Add a nimCI task for the Nim CI to run now that the tests have external dependencies.

v0.7.0 - 25.01.2022

This is a breaking release, due to the changes in PR #25.

NumContext (and types taking NumContext as an argument) are now two-fold generic. The floating point like type used during computation may now be overwritten.

This is a breaking change, as the newNumContext procedure must now be given two generic arguments. For most procedures the signature was only extended to use float as the secondary type, leaving them as taking single generic arguments. adapdiveGauss is an exception and thus now requires the user to hand both types.

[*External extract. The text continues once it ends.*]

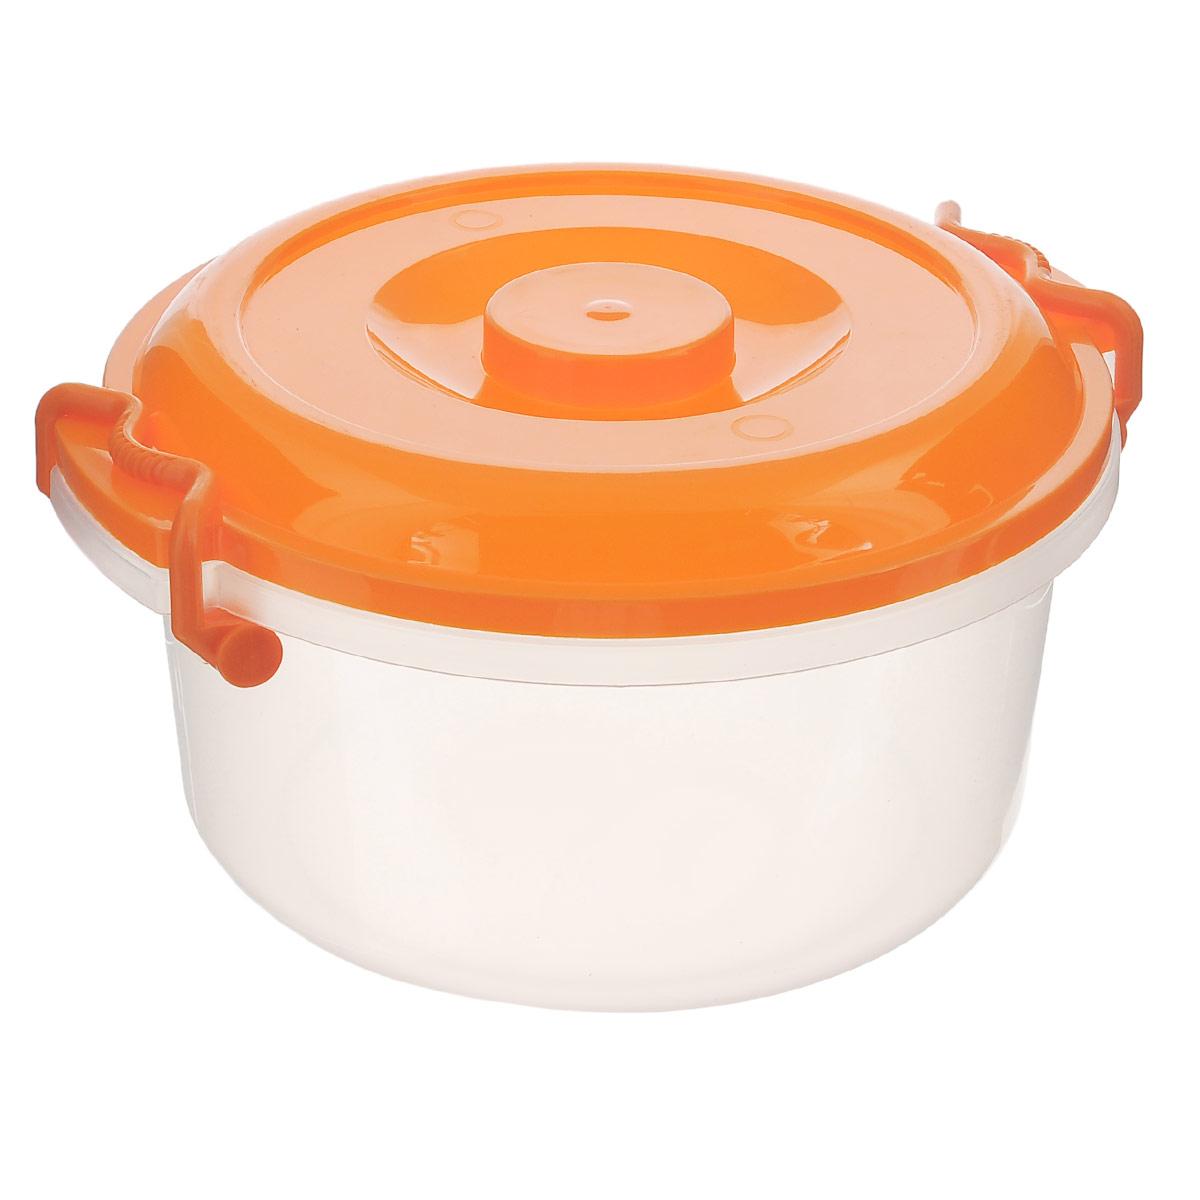 Контейнер Альтернатива, цвет: оранжевый, 5 лАксион Т-33Контейнер Альтернатива изготовлен из высококачественного пищевого пластика. Изделие оснащено крышкой и ручками, которые плотно закрывают контейнер. Также на крышке имеется ручка для удобной переноски. Емкость предназначена для хранения различных бытовых вещей и продуктов.Такой контейнер очень функционален и всегда пригодится на кухне. Диаметр контейнера (без учета крышки): 25 см. Высота стенок: 13,5 см. Объем: 5 л.

  • transition for adaptiveGauss: Calling as: adaptiveGauss[T, float](...) will produce the old behavior. In the future a nicer interface may be designed.
  • transition for newNumContext: Calling as: newNumContext[T, float] will produce the old behavior.

This change was a step towards a more (likely concept based) interface for SciNim libraries for better interop. It allows for example to integrate over a Measurement.

v0.6.3

  • fixes an issue that might arise if 2D interpolation is used together with multithreading where the Nim compiler gets confused about GC unsafety (#23)
  • Added linear1d
  • Added barycentric2d which works on non-gridded data.